PROVIDED ENTRIES:
*-*-*

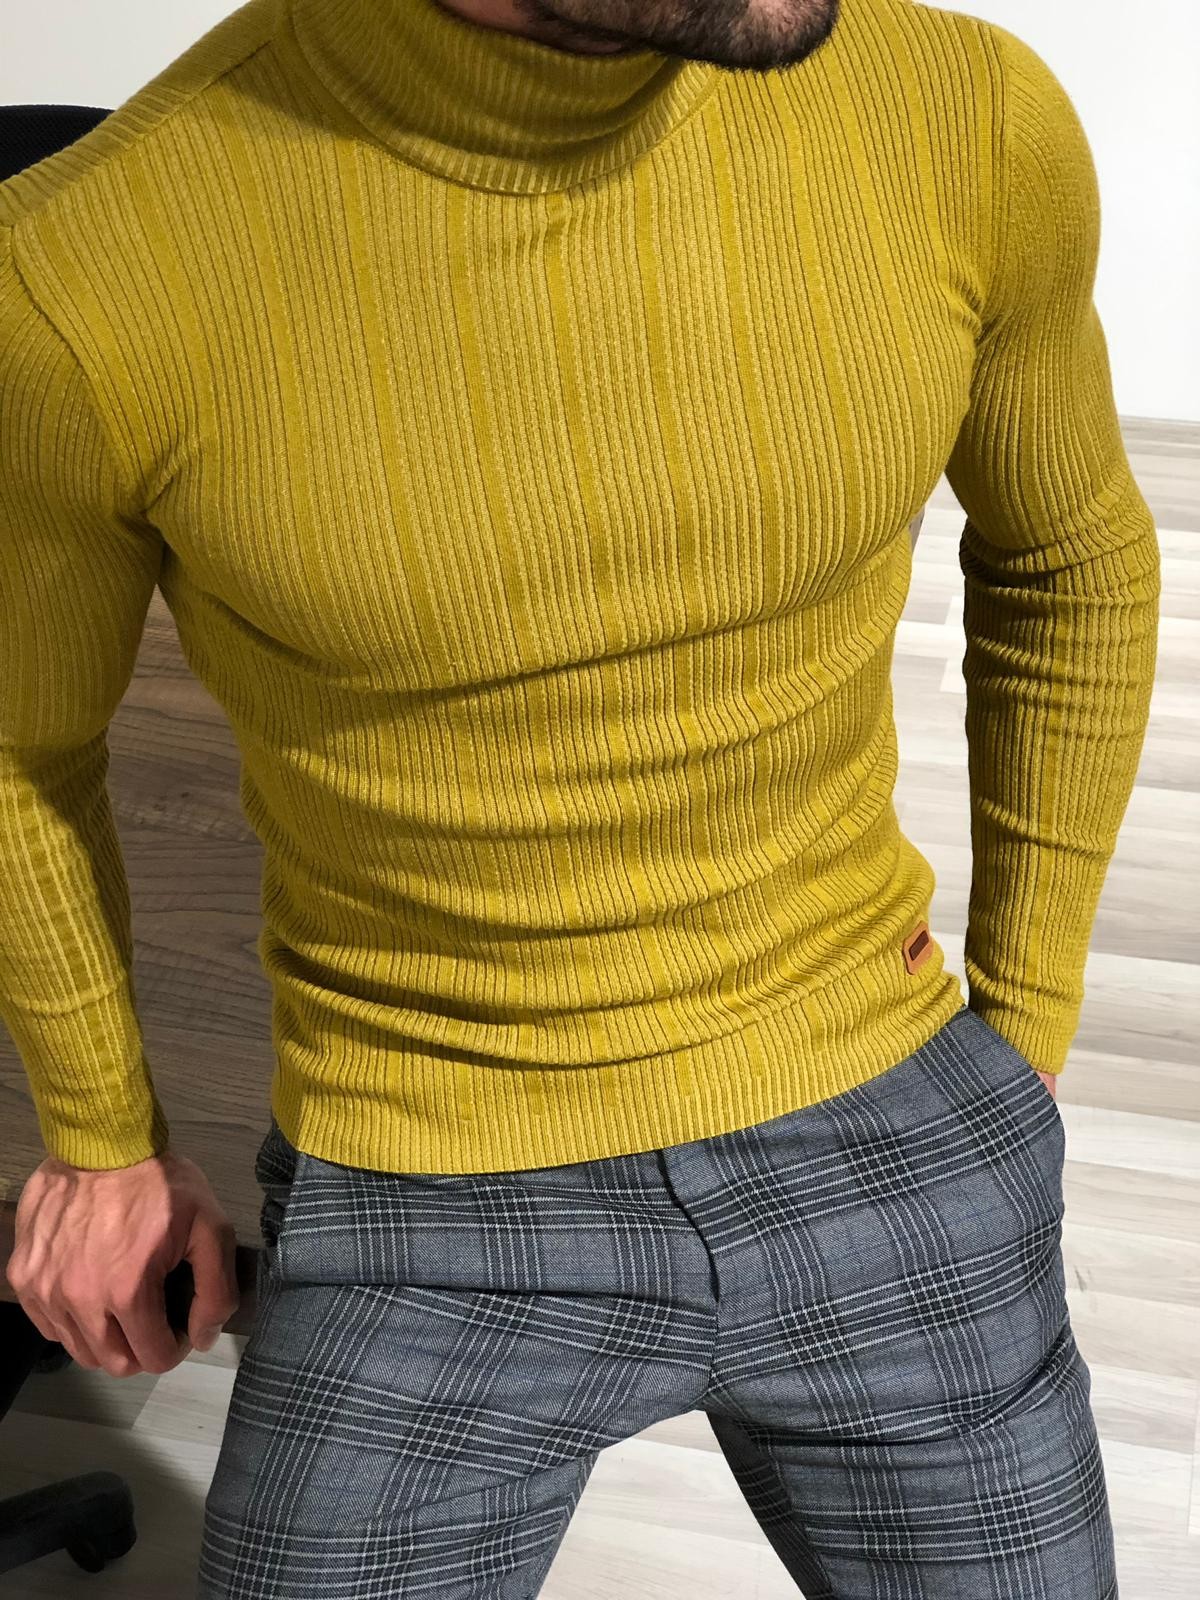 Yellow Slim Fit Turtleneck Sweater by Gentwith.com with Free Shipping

*-*-*

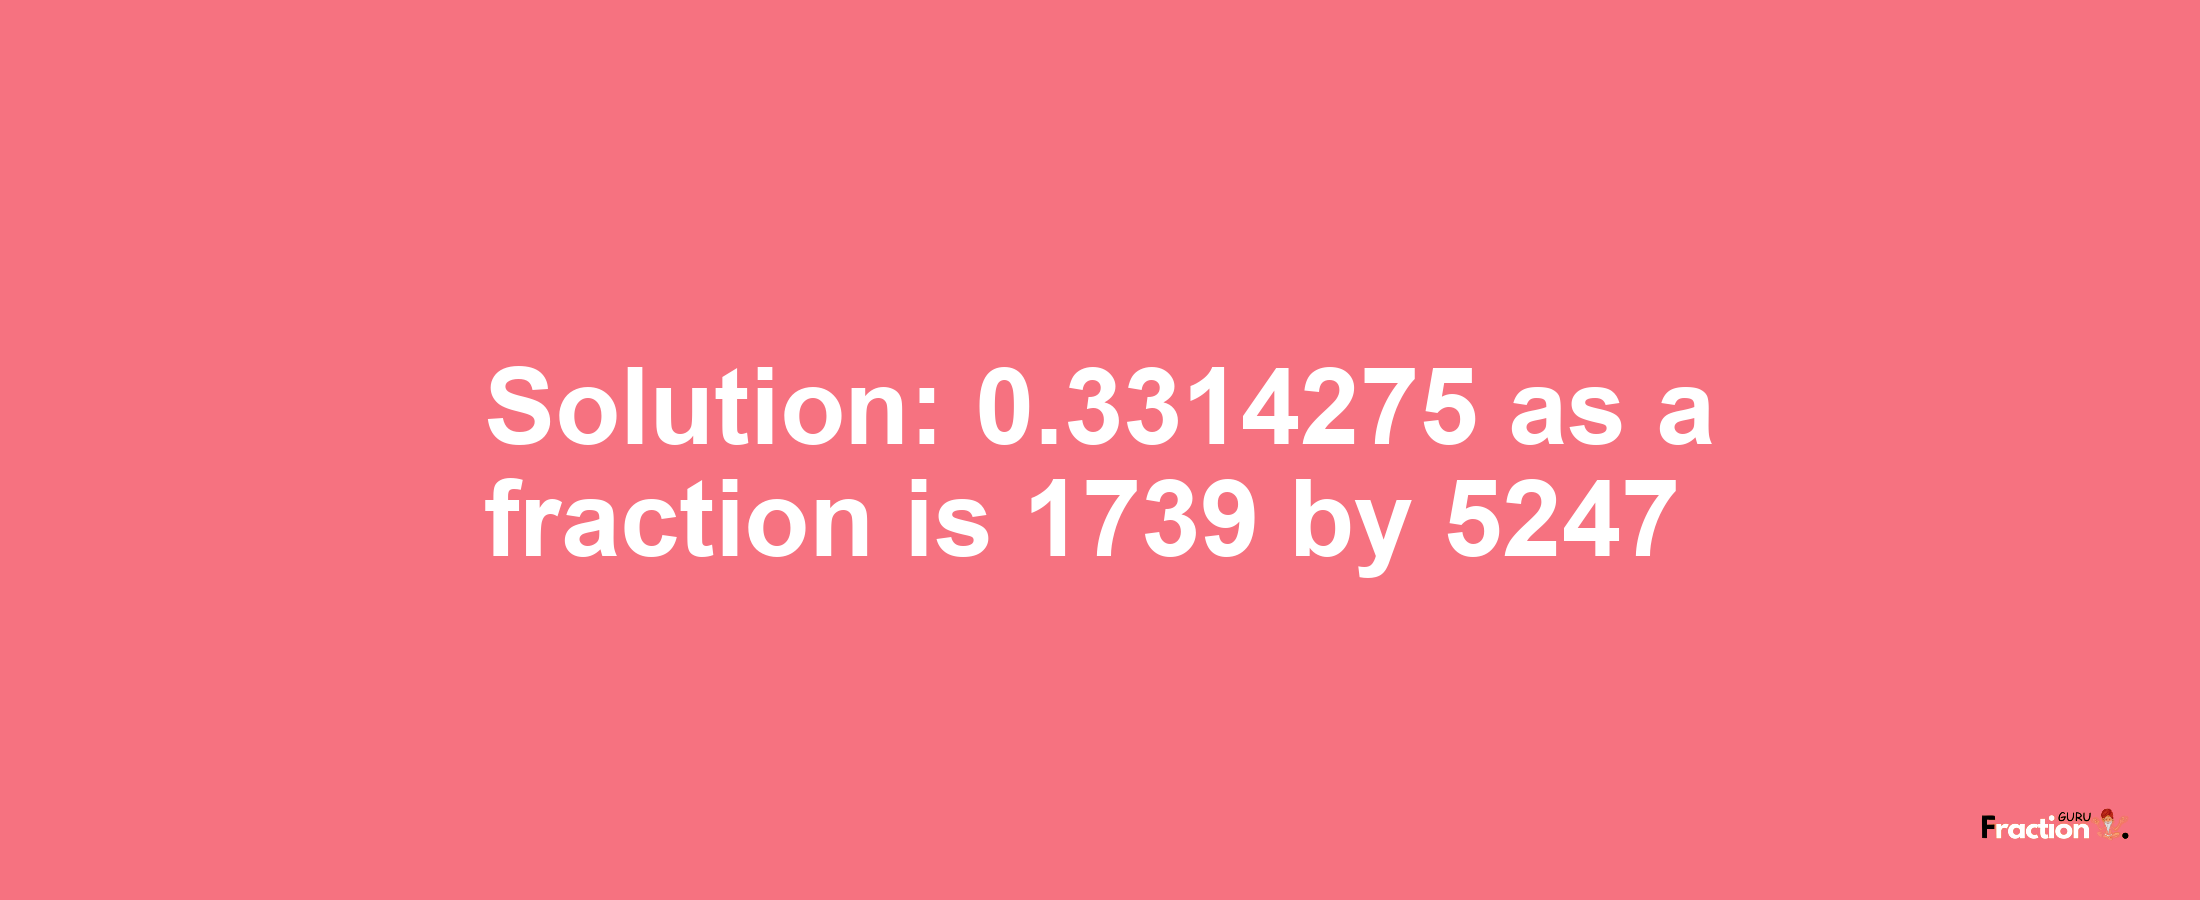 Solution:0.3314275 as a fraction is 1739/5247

*-*-*

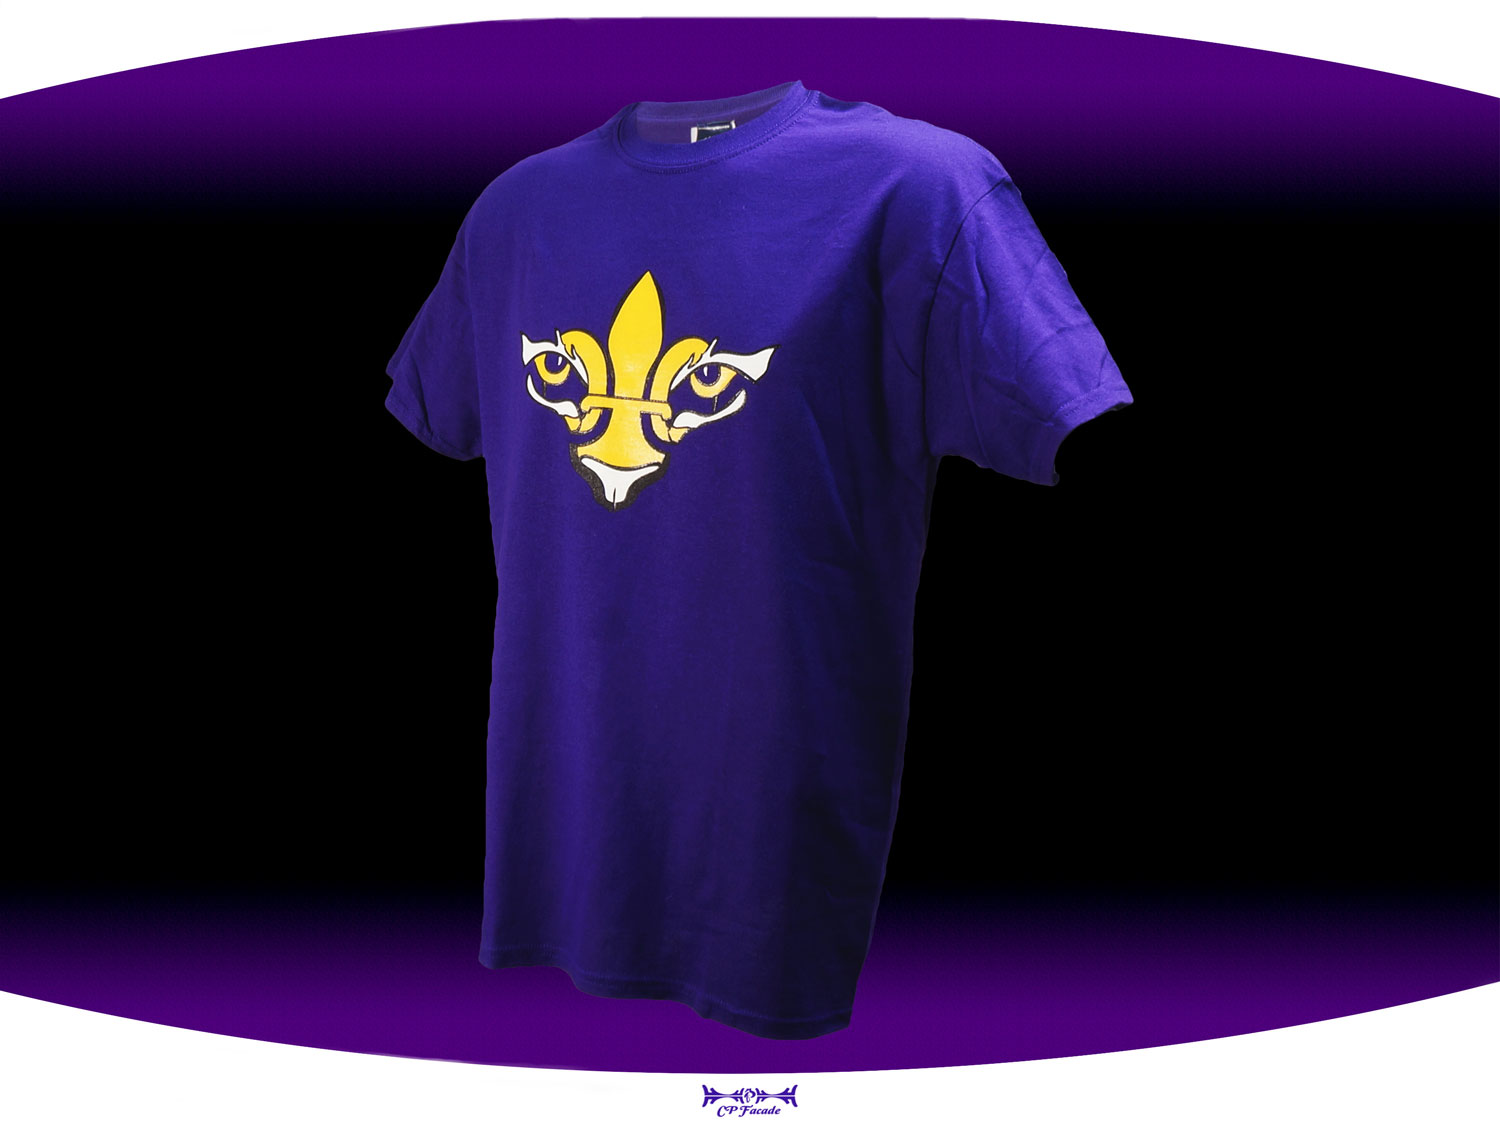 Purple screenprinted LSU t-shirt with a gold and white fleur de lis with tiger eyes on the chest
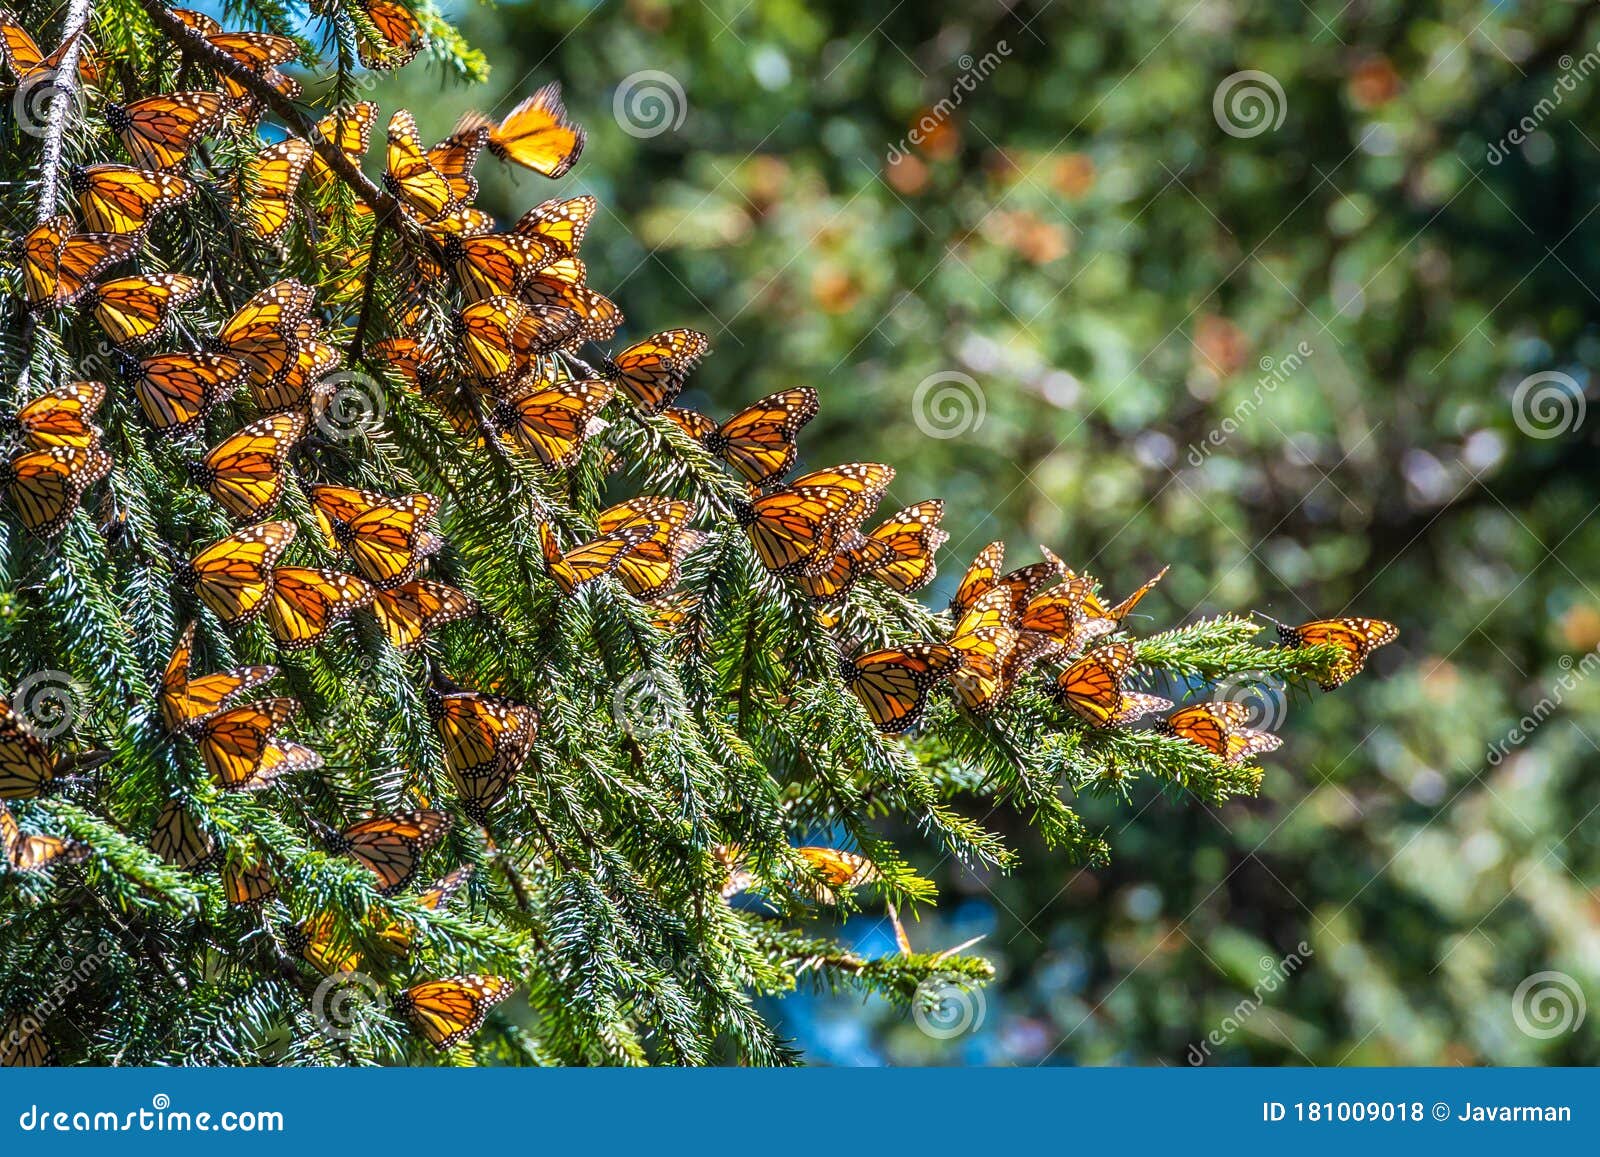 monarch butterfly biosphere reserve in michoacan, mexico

*-*-*

WORK ORDER:
Above are entries with pictures among them. Write out exactly the lines from the one containing "Purple screenprinted LSU" through the one containing "monarch butterfly biosphere", ends included, and leave those pictures out.

RESPONSE TO THIS EXERCISE:
 Purple screenprinted LSU t-shirt with a gold and white fleur de lis with tiger eyes on the chest
 monarch butterfly biosphere reserve in michoacan, mexico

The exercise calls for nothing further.